The Directing and Establishing Domestic Innovation for Stablecoins in the United States Act of 2025 (GENIUS Act) represents a critical legislative milestone, signaling the United States’ intent to modernize digital payments infrastructure through regulated stablecoins. While this is a huge step forward, it also raises a debate about the adequacy of safeguards and policy ethics in the context of current evolving digital asset policy.
The GENIUS Act is expected to have a significant impact on the stablecoin market and the broader cryptocurrency landscape, particularly in these key areas:
- Establish a regulatory framework. The law aims to provide clear guidelines and rules for the issuance and management of stablecoins.
- Protect consumers. By requiring issuers to hold reserves and prioritizing stablecoin holders in bankruptcy, the bill protects consumers from potential losses.

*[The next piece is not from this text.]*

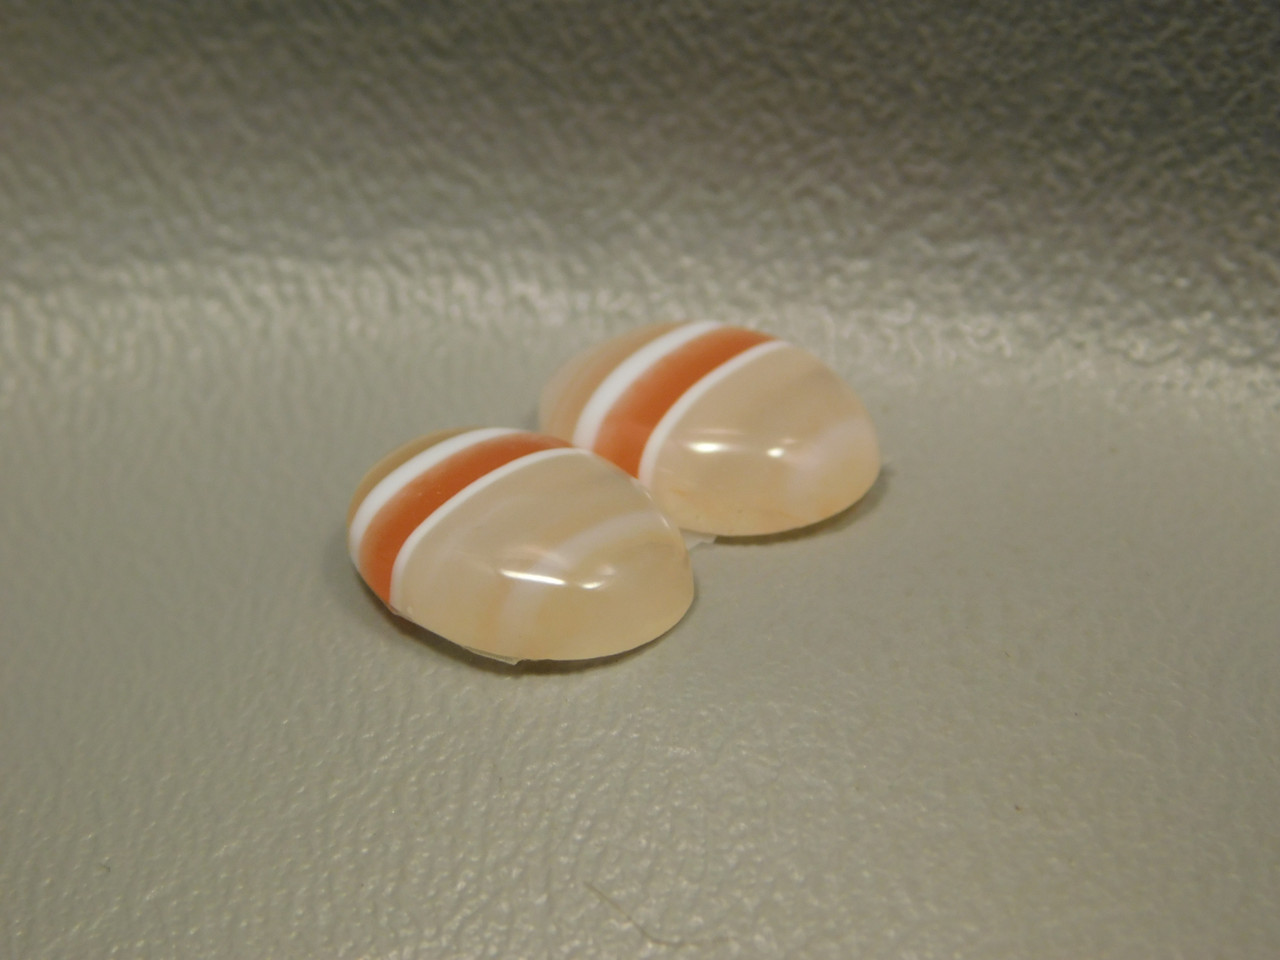 Carnelian Agate Loose Stones Cabochons Banded Matched Pairs #7

- Promoting responsible innovation. The law encourages the responsible development and adoption of stablecoins while mitigating risks.
- Strengthening national security. The legislation includes provisions aimed at preventing money laundering and other illicit activities associated with stablecoins.

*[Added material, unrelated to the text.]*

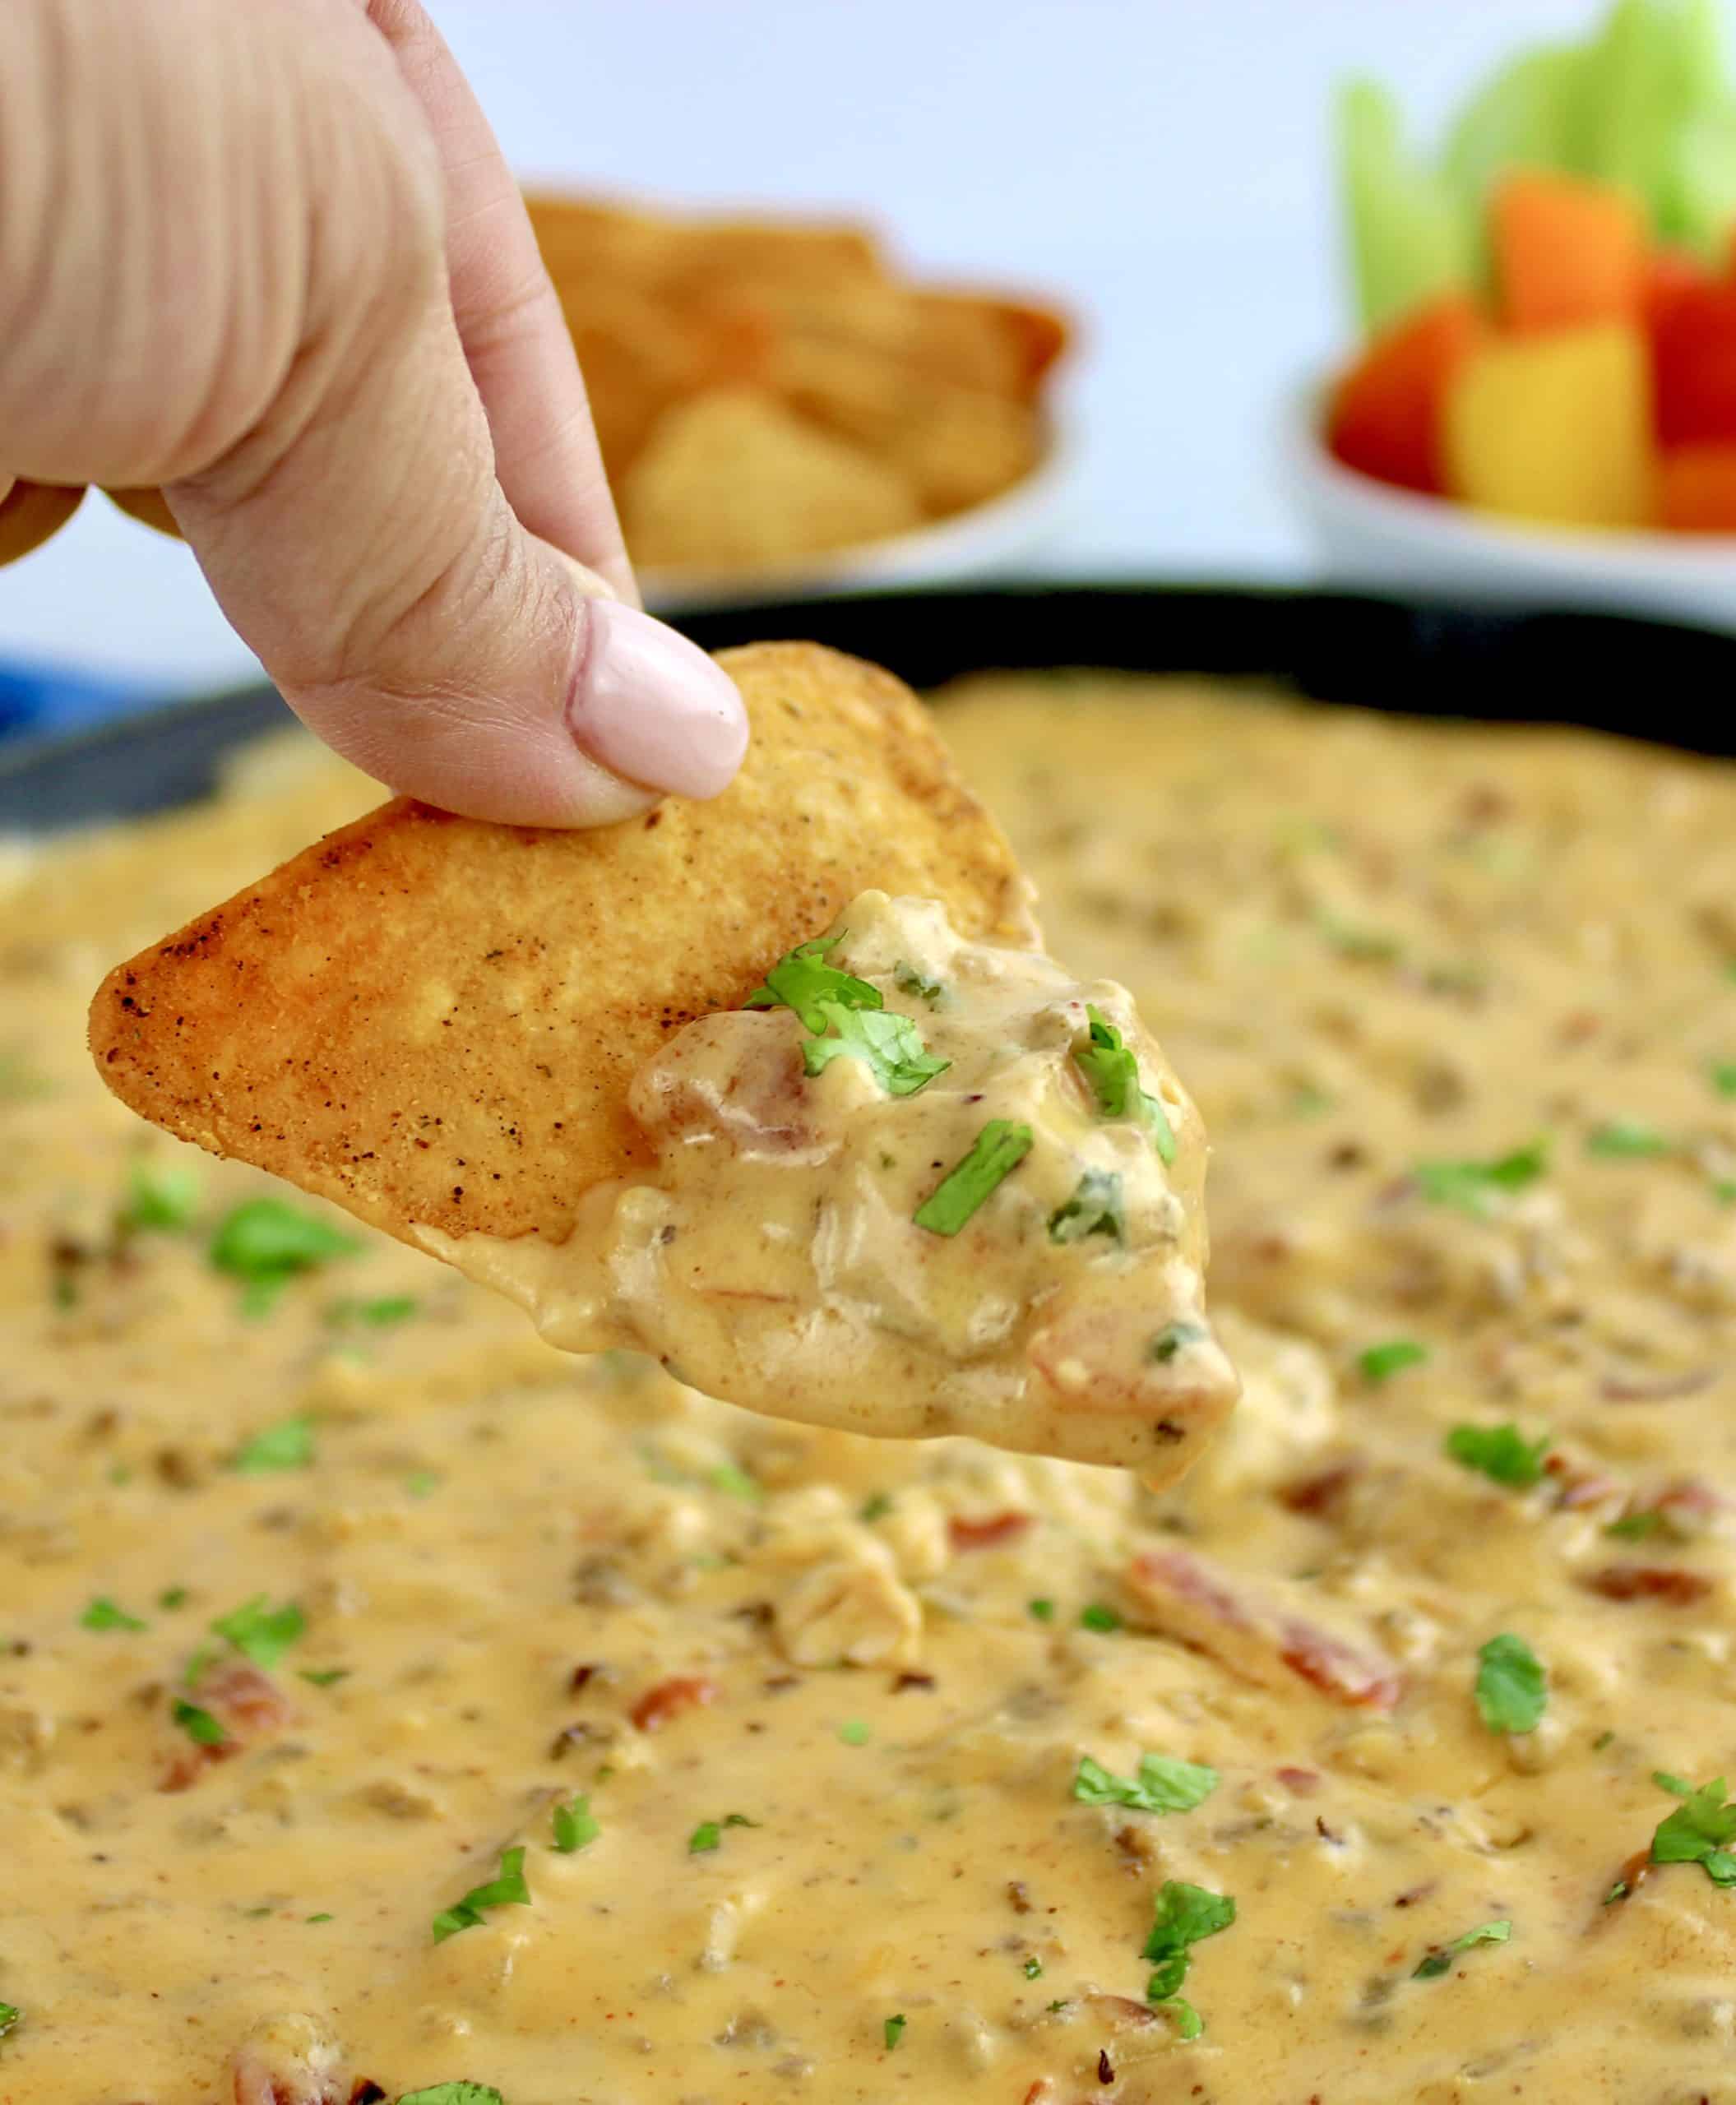 tortilla chip being dipped into Sausage Rotel Dip

- Maintaining the dominance of the US dollar. By providing a clear regulatory pathway, the law ensures that the U.S. dollar remains a dominant force in the digital economy.
With new regulatory clarity, banks are viewing stablecoin as a competitive and strategic necessity. As more people use stablecoins to send money home, send remittances abroad, or conduct business, banks feel pressured to stay relevant in the digital money sector. The gap between non-bank issuers and regulated banks is seen as a growth opportunity.

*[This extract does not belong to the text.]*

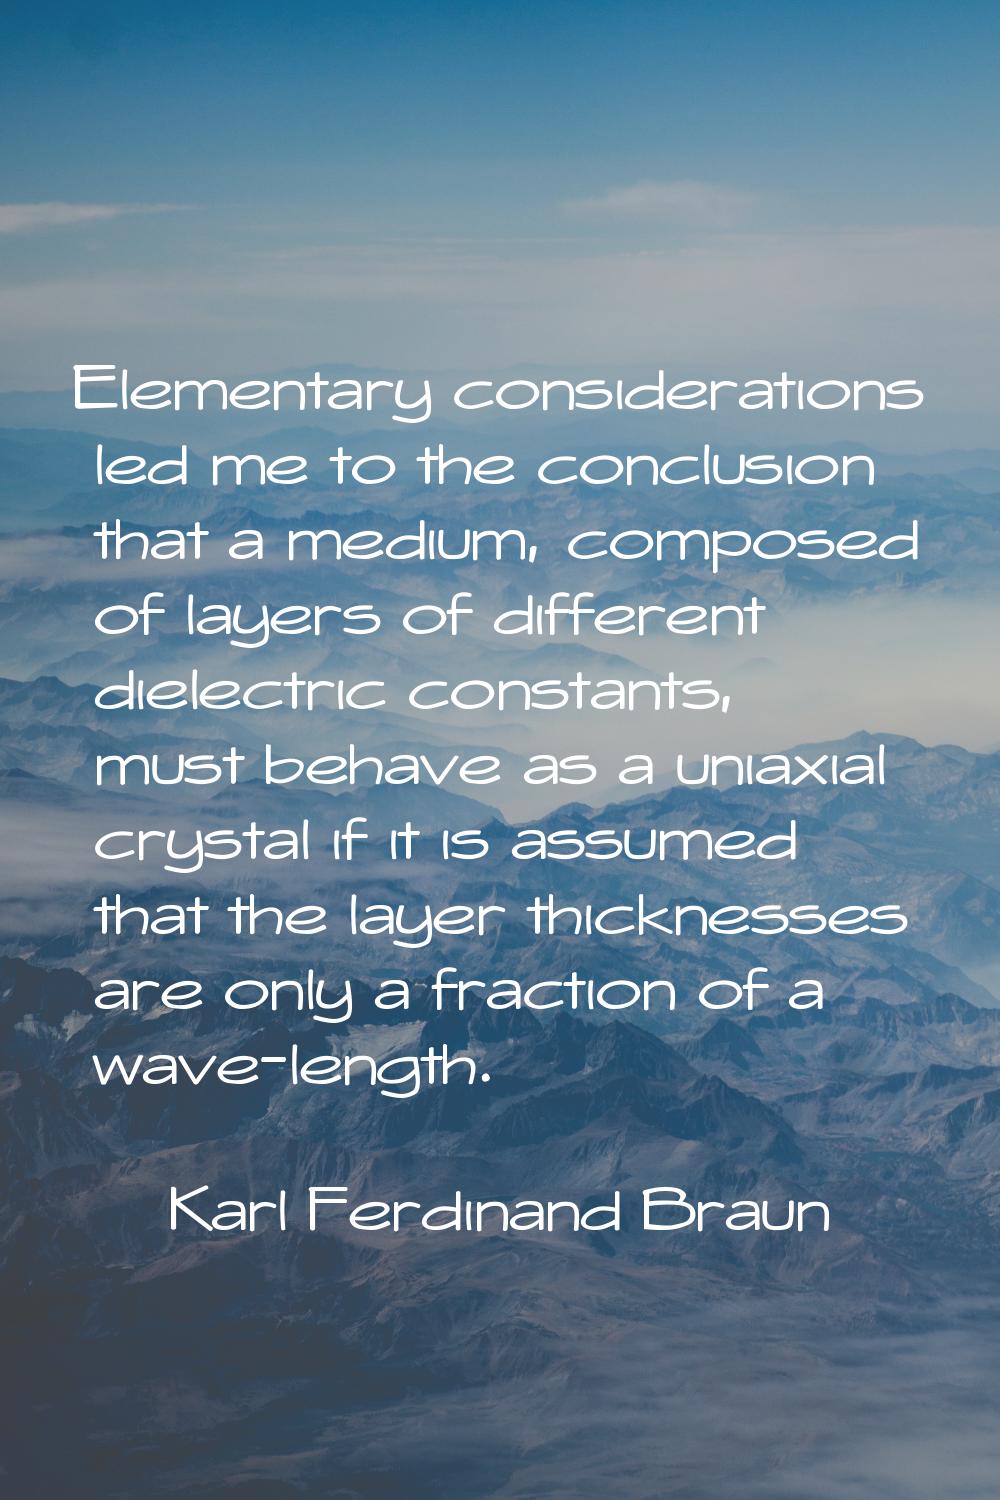 Elementary considerations led me to the conclusion that a medium, composed of layers of different d

While this is an exciting opportunity, it also carries enormous risk potential. With new regulatory requirements, organizations may not have mature controls in place. This provides an opportunity for internal audit, risk management and compliance professionals to step up their efforts and ensure that stablecoins and other cryptocurrencies are well managed within your organization.
The SEC Crypto Working Group and Other Regulatory Guidance
The SEC’s Crypto Working Group is a dedicated initiative aimed at establishing clearer boundaries on when a digital asset constitutes a “security” or not, designing tailored disclosure and registration pathways for crypto issuers and intermediaries, and ensuring that investor protections are appropriately applied to digital asset markets.
Audit and compliance teams will need to treat investor protection not as an afterthought, but as a design principle, ensuring that systems, disclosures, safeguards and controls are structured with transparency, accountability and recovery in mind. Additionally, risk assessments should focus on counterparty risk, smart contract failures, key compromises, and intermediary insolvency, as these are areas where investor damage tends to materialize in the crypto space. Assurance scopes can expand to include code review, retention architecture, completeness of disclosure, and fallback or recovery mechanisms.
In the July 2025 Joint Interagency Statement, the OCC, FDIC, and Federal Reserve outlined guidance on custody of crypto assets, stating that custody of cryptocurrencies differs from custody of securities or cash, and that these particular risks should be addressed explicitly. Some banks are expressing interest in outsourcing the custody of their cryptocurrencies because they do not have the necessary in-house skills. While this may be a good option, it is important to note that while banks can outsource these activities, they cannot outsource risk.
Even if banking regulators relax procedural barriers, risk management expectations will remain rigorous because a poor risk management decision could significantly harm your company’s brand.